How do you deploy Machine Learning models on the cloud?

Anton Knight
Anton KnightAnswered

The high demand for Machine Learning development in recent years influenced a high demand in job roles concerning it, growing day by day  knowing that the experts found a way to create, train, and develop more complex Machine Learning models thanks to the incorporation of Cloud services. Deploying models into production simply means incorporating the new model into an already created production environment, where the model predicts the output based on the received input(/s). It can be done in different environments and be integrated with various mobile and web applications, thanks to the API. Cloud solutions are a great choice for Machine Learning development processing. Some of the benefits include:

  • Cost-effectiveness, for businesses and individuals.
  • Higher security level, keeping information safe and preventing a data breach
  • Available on various devices, individual or company employees can access the file on various devices (tablets, laptops, desktop computers)
  • Using 3rd party services and customizing them to fit model needs

There are various Cloud providers available on the market, but the dominant few are IBM Cloud, AWS (Amazon Web Services), Google Cloud, and Azure. All of them have sophisticated options and services to make Machine Learning development a comfortable and efficient experience regardless of user type (business or individual). Deploy Machine Learning model to production became easier and unified on a basic level.

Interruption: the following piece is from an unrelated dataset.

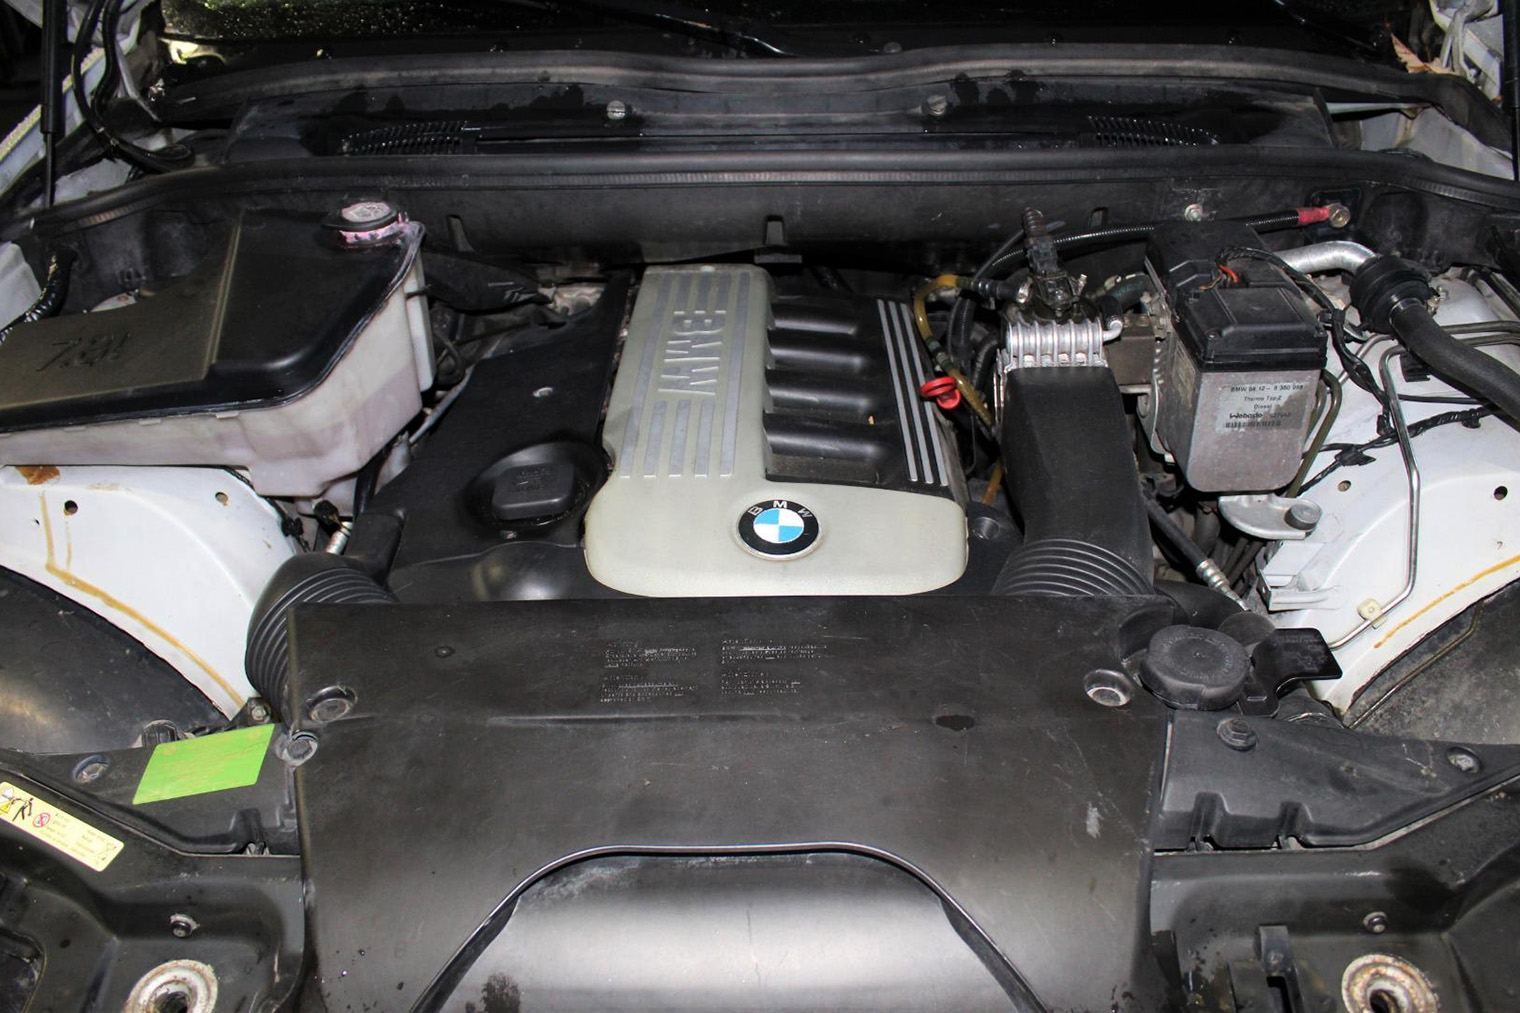 Такой же мотор с другим шильдиком на крышке можно увидеть в BMW Х5, а также в BMW 3 и BMW 5 тех лет. Мощность может незначительно отличаться. Источник: b-parts.com (сайт недоступен из РФ)

Some basic steps common for all Cloud services that support AI and Machine Learning development are:

  1. Creating an account with a Cloud Service provider
  2. Prepare the data
  3. Create a project
  4. Write a code in a notebook
  5. Train and evaluate your model
  6. Tune it and rerun.
  7. Deploy your model and evaluate acquired predictions.It is advisable to deploy different versions of your model and validate your outcomes.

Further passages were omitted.